De repente, salieron humanos que habían permanecido ocultos en sus domicilios, llegaron más personas del bosque -alguien les había advertido de la situación-, y cogieron las manos de aquellas personas. La cadena humana era enorme. Los cánticos resonaban en todos los rincones de San Unidos, las lágrimas de emoción brotaban de los ojos de todas las personas que estaban ahí presentes.
-No tenéis nada que hacer aquí -protestaron-, es nuestro pueblo.
Adriana volvió a moverse, Marcos también.
-Unidos venceremos -dijeron al mismo tiempo dedicándose una mirada compinche-. Dejadnos en paz.
Al cabo de unos minutos, dejaron de moverse las cosas; dejaron de sentirse las presencias, y las explosiones cesaron por completo. Se habían marchado, y los niños estaban vivos.
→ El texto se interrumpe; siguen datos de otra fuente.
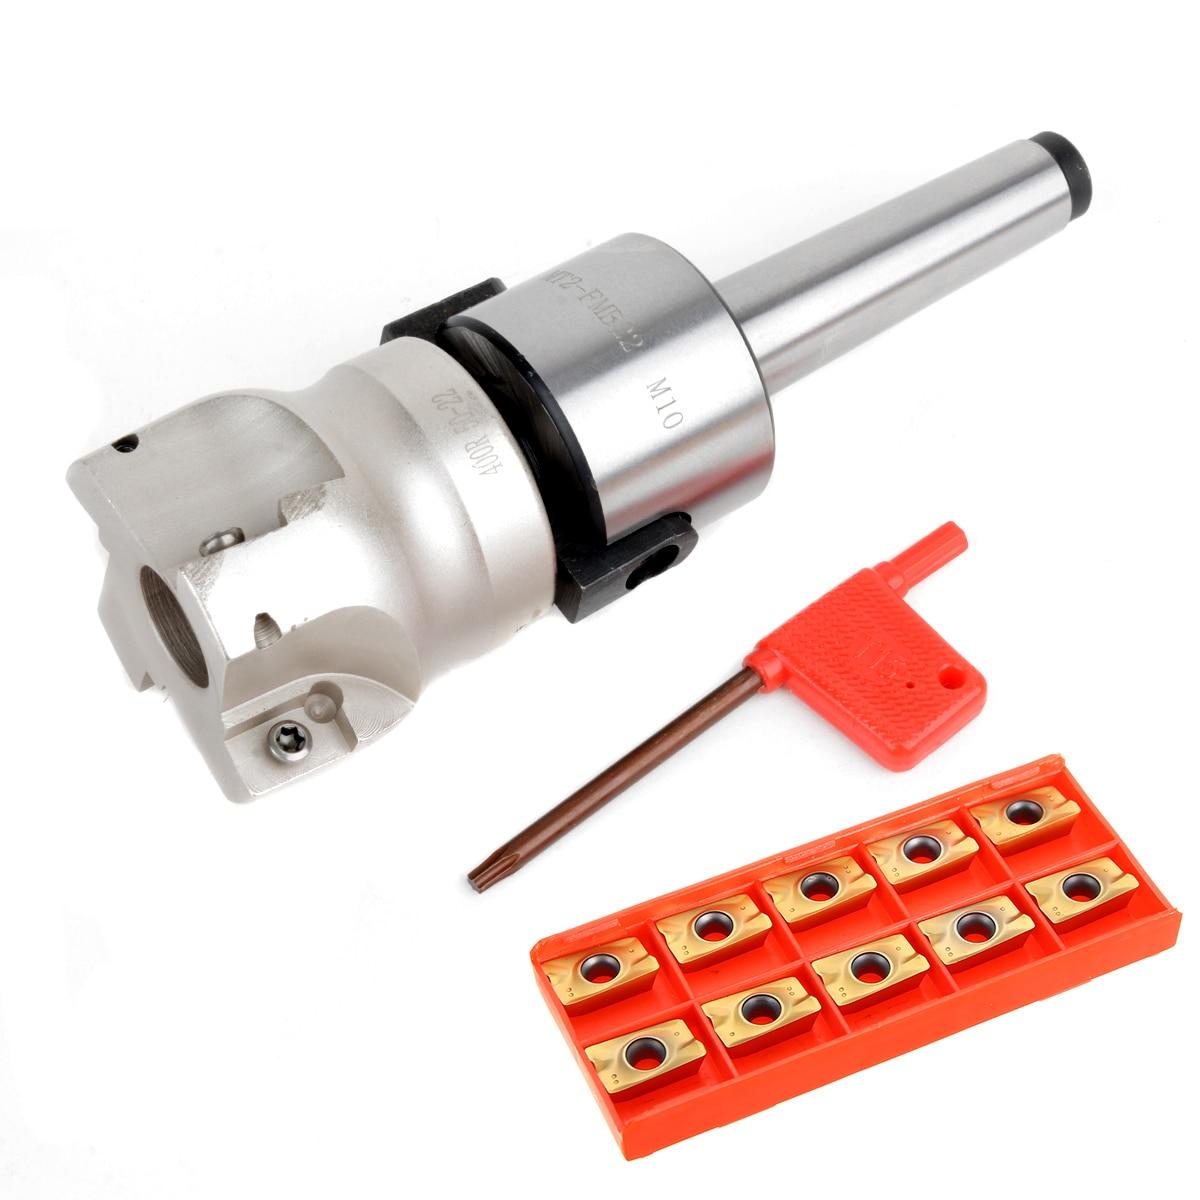 1 шт. 4 флейты MT2 400R торце фрезы 50 мм + 10 шт. APMT1604 карбида вставки с ключ для фрезерного инструмента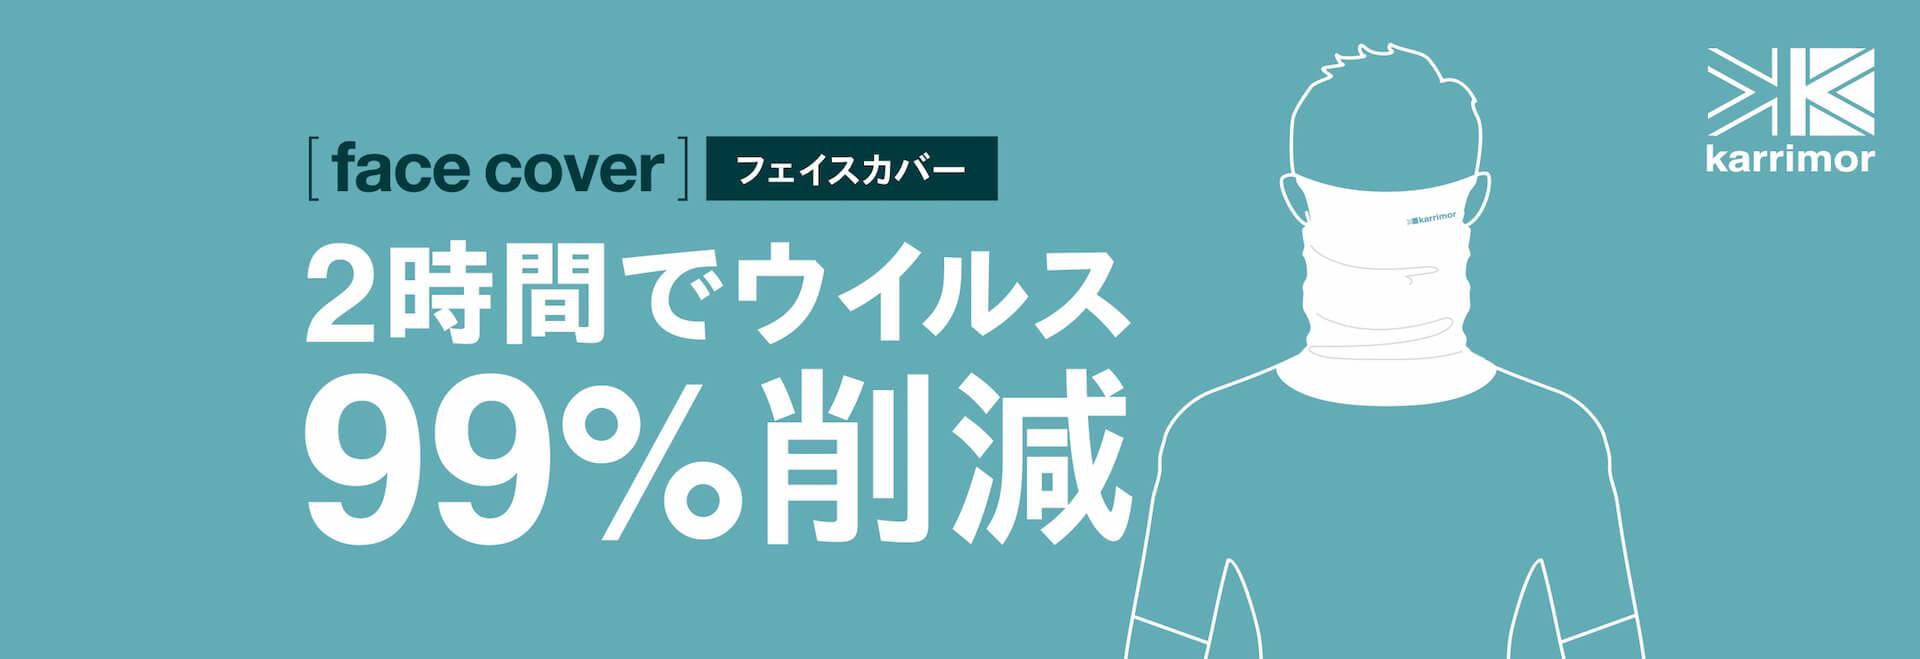 2時間でウイルスの99%が減少!ViralOff®を採用したカリマーのフェイスカバーが本日発売 life201214_karrimor_facecover_2

Habían vencido y la solidaridad de los vecinos había desterrado a sus enemigos.
-Lo siento tanto -dijo Eric dirigiéndose a su hijo-, si hubieras sabido lo que estaba pasando aquí, la curiosidad no te habría obligado a venir.
-Ha sido mi culpa -se disculpó Adriana.
-¿Por qué dices eso? -contestó Ayla.
-Porque yo lo sabía y no hice nada para impedirle que viniera.
-Cariño, no es tu culpa, todos necesitamos quemarnos para comprender que el fuego quema…
A partir de entonces, una vez a la semana, los vecinos llevaban la comida a la plaza y cenaban todos juntos, sabiendo que los egoístas no volverían si los veían siempre tan unidos.